Rather than the application of ‘ethics’ which is the study of moral principles, what is good and bad, AI and Ethics seems to have quietly dropped the moral and good side. It is cyclopic in its focus on the bad. This is not ethics, it is activism. People have beefs, often centred in identity politics or political stances around ‘capitalism’ and go for the tech, like predators after prey. This is by far the worst form of imbalanced, subjective politicking. Yet it is common in the one place that should pride itself in objectivity – our universities.

Leave it to the experts

No one denies that there are ethical issues around AI and data. All tech is of ethical concern. Cars kill 1.5 million a year in horrible and mangled deaths, many more injured, the equivalent of a World War every year. Yet we don’t have much attention paid to it as a global moral concern. Yet of a hand sanitizer is poorly calibrated, we cry racism. In fact, there is plenty of attention and effort going into the ethical concerns around this technology, by the EU, IEE and others. We need quality not quantity, or as Russell says in his excellent Human Compatible, whereas what we have at the moment is every man, woman, uncle auntie and their dog on the case.
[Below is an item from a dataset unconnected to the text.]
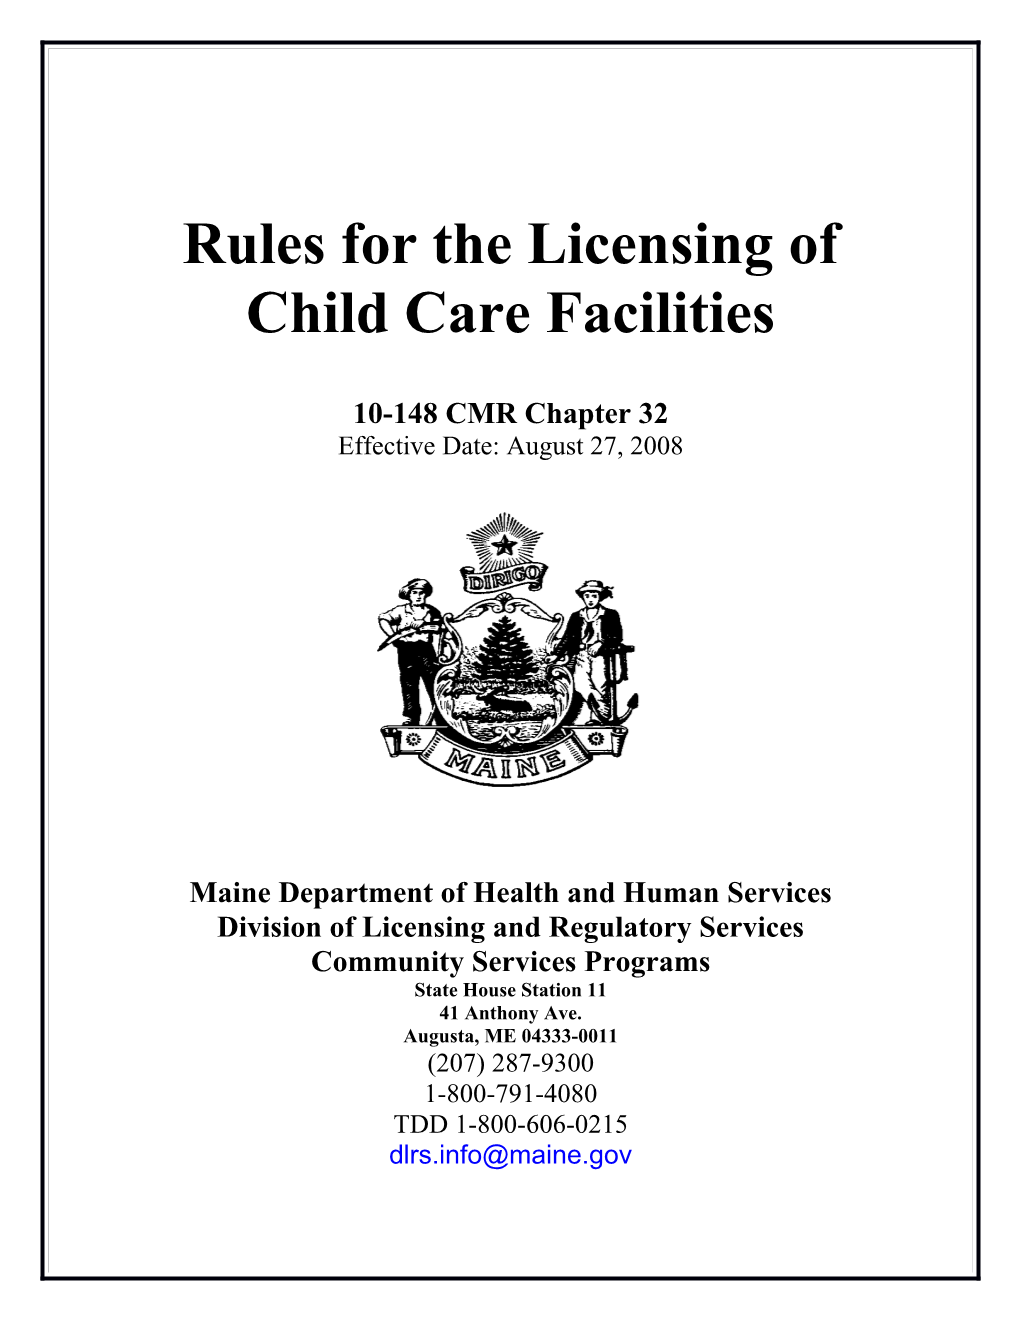 Rules for the Licensing of Child Care Facilities

The issues are highly technical, ethical, legal and practical. You need a multi-disciplinary approach, not thinly disguised activism.
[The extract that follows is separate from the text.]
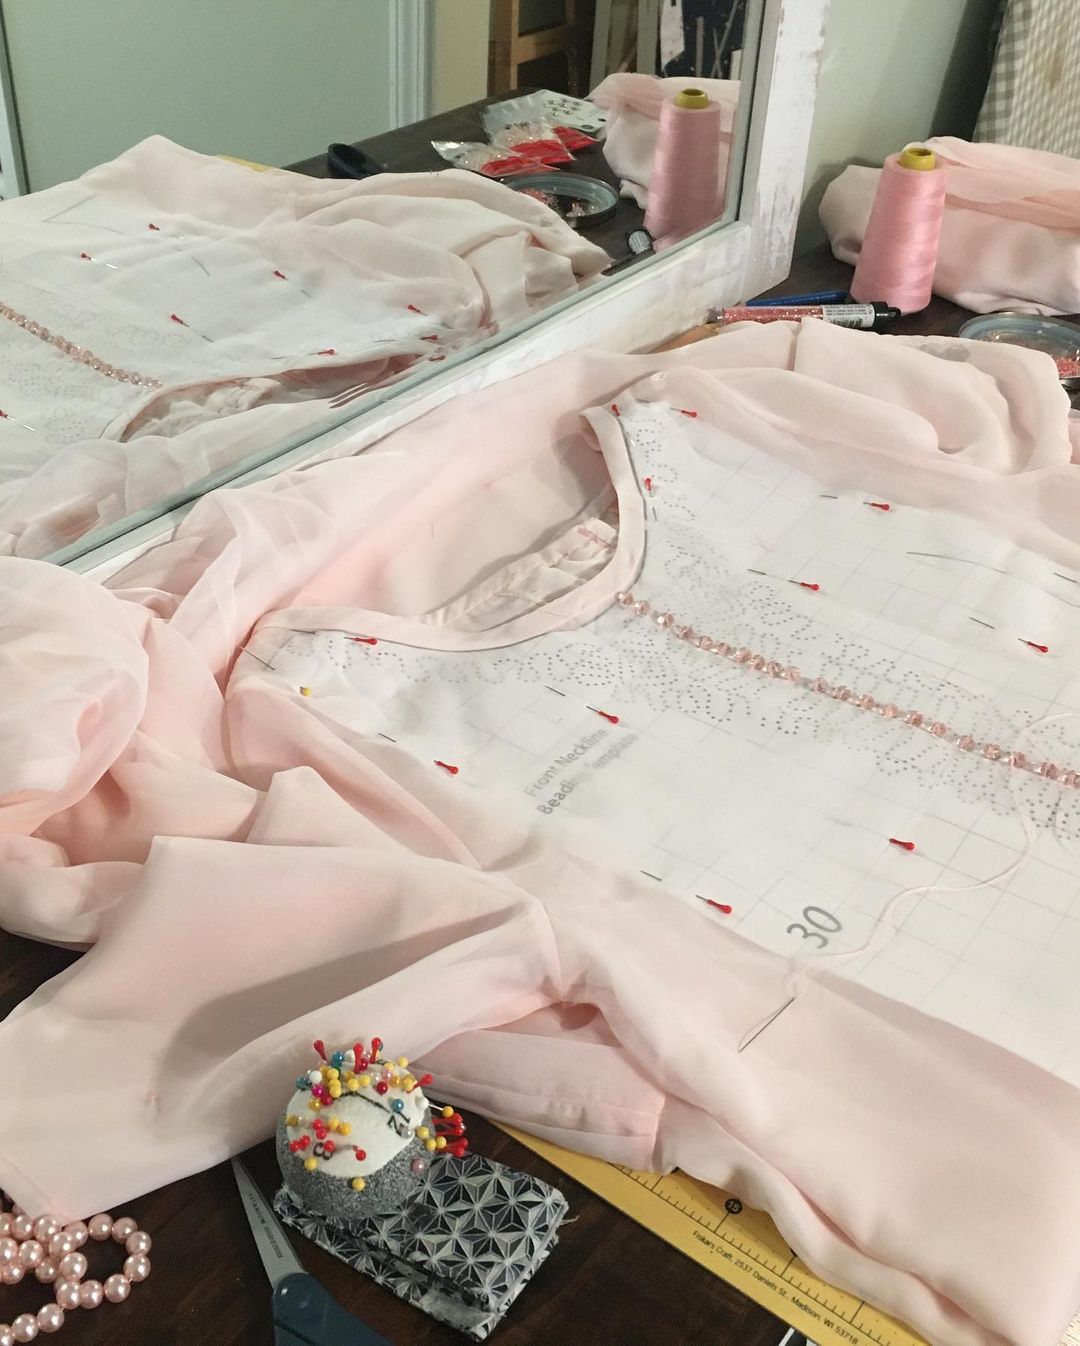 The Refashioned Dress (process) by @mia_dulceaphel8

We have a model here in healthcare. Pharmaceuticals are highly regulated. You must be able to prove efficacy and safety. Strict rules apply to what you can claim for your product. That is fair. Note that many drugs have proven efficacy and safety without knowing exactly how they work. The focus is on the outputs, not full transparency. One need only apply this to cases where AI could do harm. Many are quite benign and will need little of no regulation.

Conclusion

The problems here are plentiful. First, it may stop good things from happening. The atmosphere in some areas of academe are so extreme that it is putting a brake on good research and outcomes in health and many other areas of human endeavour. Second, it distracts from actually coming up with solutions. So much efforts is put into diagnosis of sometimes imaginary illnesses that little is done on finding cures. Third, much of it is a waste of money with huge amounts of duplication, shallow work and outcomes that fall still born from the press. Much is quite simply a waste of time. Forth, there is a tendency to what to throw babies out with the bathwater, even the baths themselves. Just bear in mind that AI is not as good as we think nor as bad as we fear.